Das EPÜ verlangt für die von einem Beteiligten gewünschte Vernehmung von Zeugen eindeutige Anträge, da die zuständige Abteilung des EPA eine entsprechende Entscheidung erlassen muss (s. Art. 117 (1) d) und R. 72 (1) EPÜ 1973). Die Kammer in der Sache T 374/02 befand, dass im "impliziten Zeugenangebot" kein Sachverhalt benannt war, der die Kammer davon hätte überzeugen sollen, die aktenkundigen Beweismittel abweichend zu beurteilen. Zeugen dienten dazu, Tatsachen zu erhärten und nicht Lücken in den vorgebrachten Tatsachen und Argumenten zu füllen. Die fehlende Angabe der rechtserheblichen Tatsachen, die durch die Aussagen der drei genannten Personen bewiesen werden sollten, führte dazu, dass die erforderlichen Bedingungen für eine Zeugenvernehmung hier nicht vorlagen (andere Beispiele: T 2054/11; T 703/12, allgemeine Bezugnahme auf das Vorbringen eines Beteiligten im Einspruchsverfahren; T 1570/14, impliziter Antrag und Voraussetzungen von Art. 12 (2) VOBK 2007).
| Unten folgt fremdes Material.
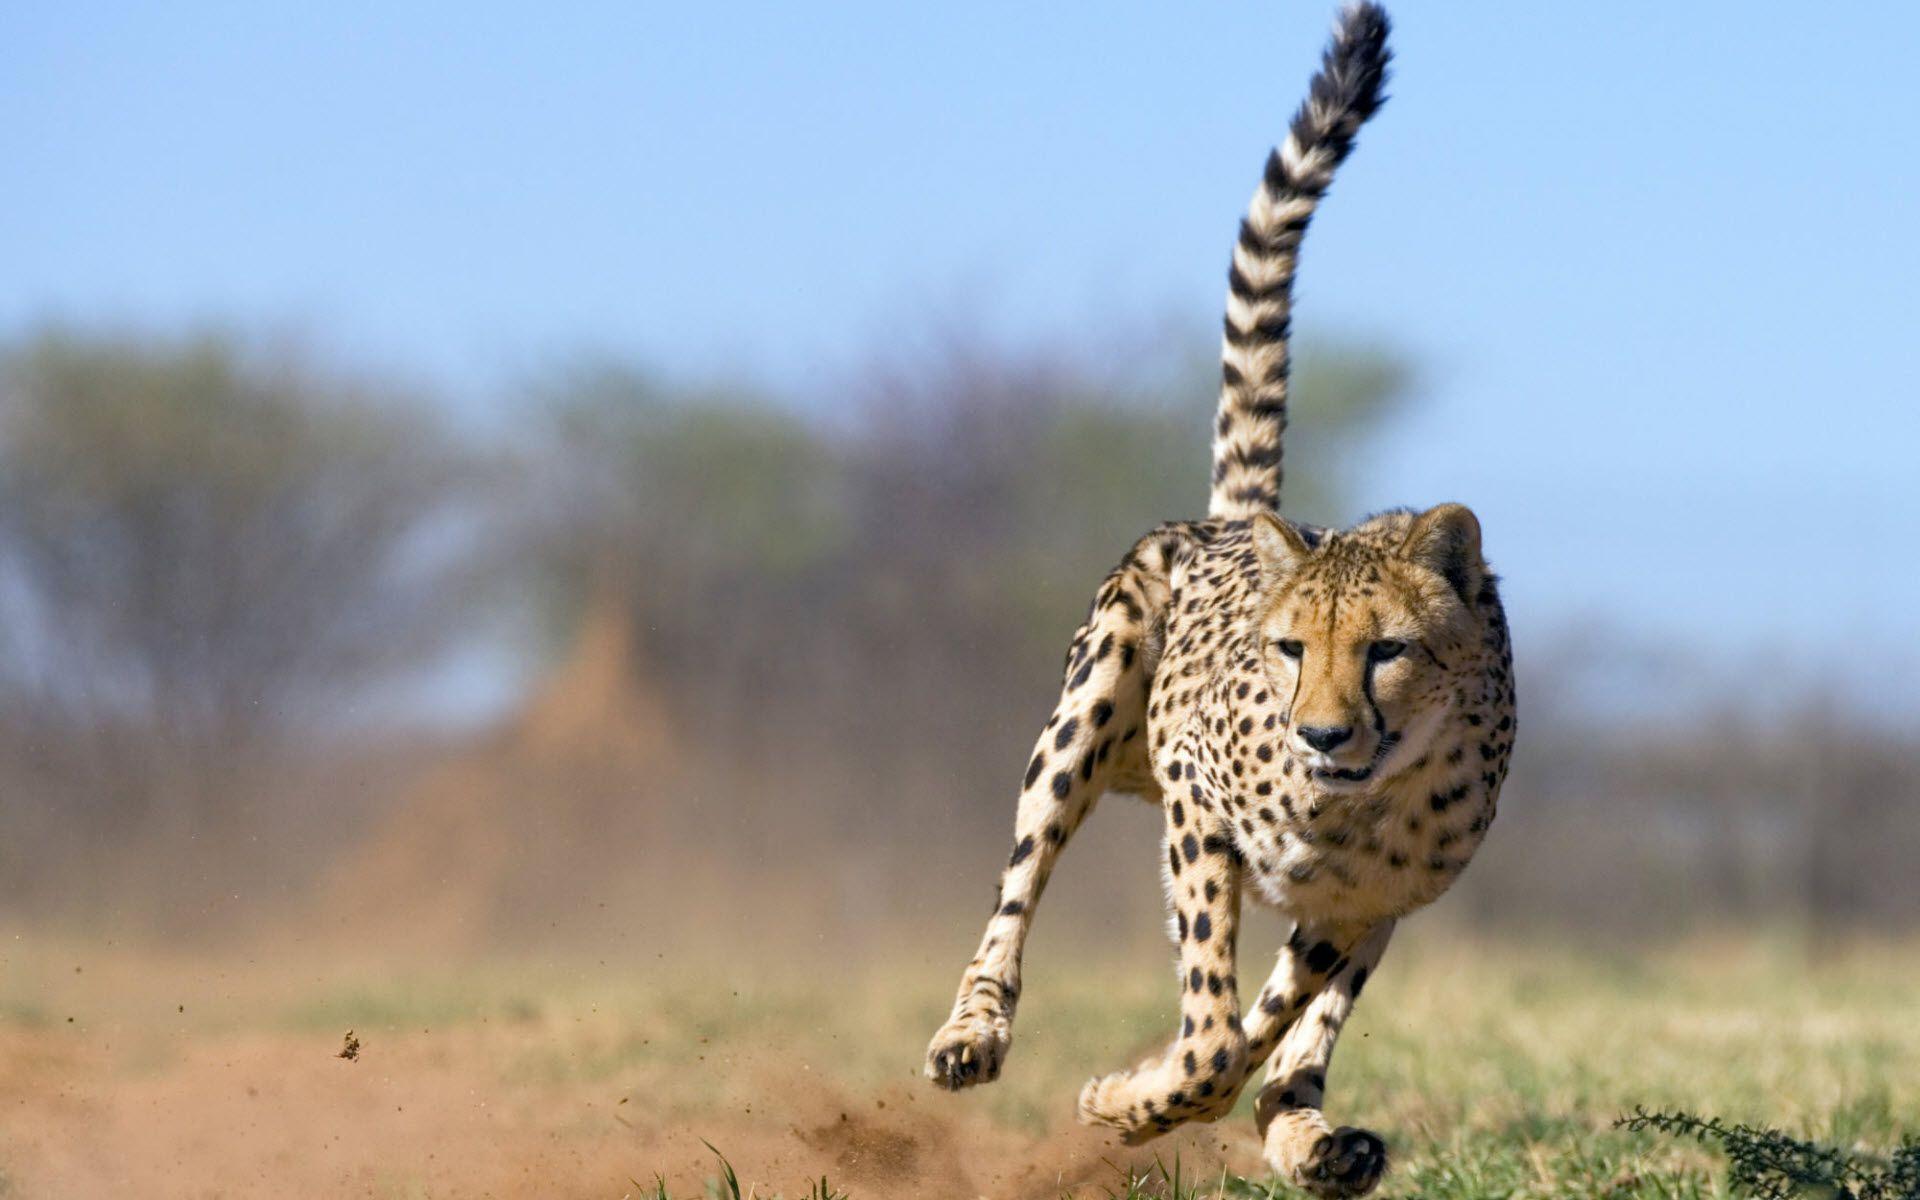 Cheetah images Cheetah HD wallpaper and background photos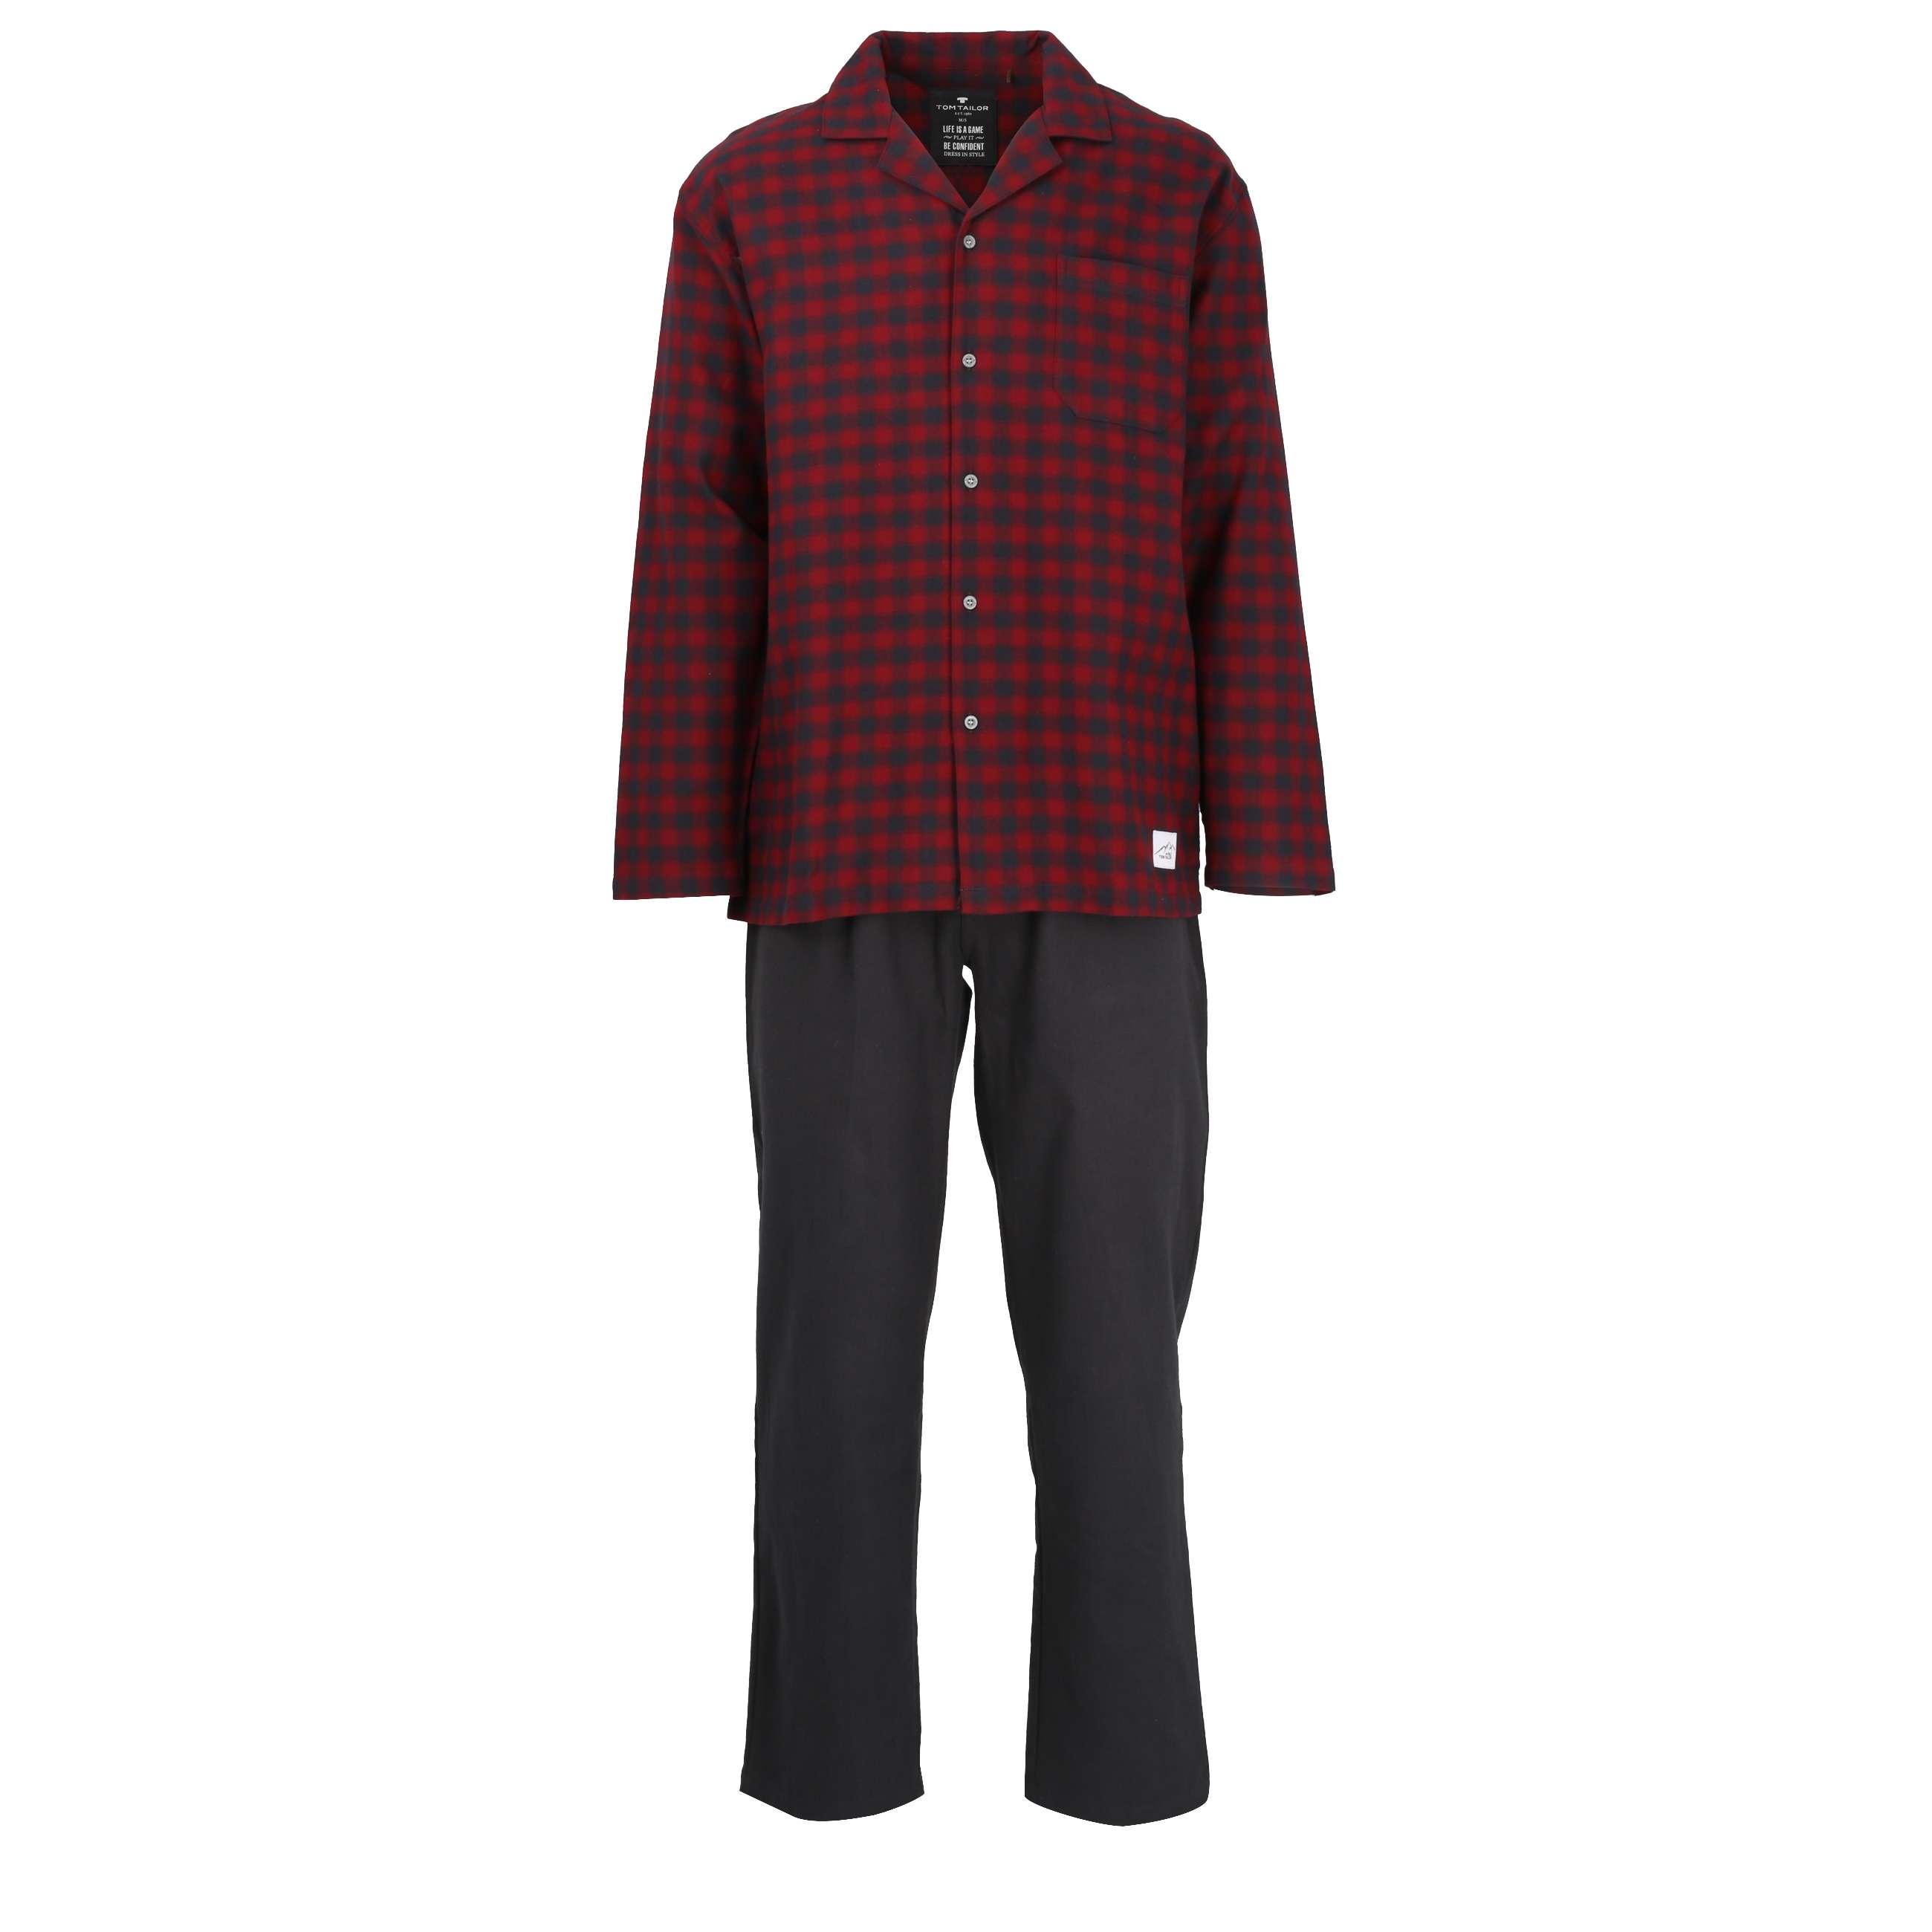 tom tailor herren pyjama schlafanzug rot kariert. Black Bedroom Furniture Sets. Home Design Ideas

S. auch die nachstehend behandelte Sache T 1028/11 zur – berechtigten – Zurückweisung des Antrags, den vorgeschlagenen Zeugen zu vernehmen, und zur angeblichen Verletzung des rechtlichen Gehörs; T 30/12 zur Zurückweisung des Antrags auf erneute Vernehmung des Zeugen.
Zusätzliche Erläuterungen, die ein Zeuge abgegeben hat, um eine potenzielle Lücke bei den aktenkundigen schriftlichen Beweismitteln zu schließen, können nicht per se als neue Tatsachen betrachtet werden; anderenfalls wäre die Anhörung eines Zeugen bedeutungslos (T 2565/11, T 660/16).
In T 1363/14 sowie in T 2238/15 befand die Kammer hinsichtlich einer behaupteten Vorbenutzung, dass die Einspruchsabteilung die Zeugenvernehmung hätte anordnen müssen, die der Einsprechende zum Beweis der von ihm im Detail in seinem Einspruchsschriftsatz vorgetragenen Tatsachen beantragt hatte (vgl. auch T 1553/07 und Kapitel IV.C.2.2.8 i) "Behauptete offenkundige Vorbenutzung").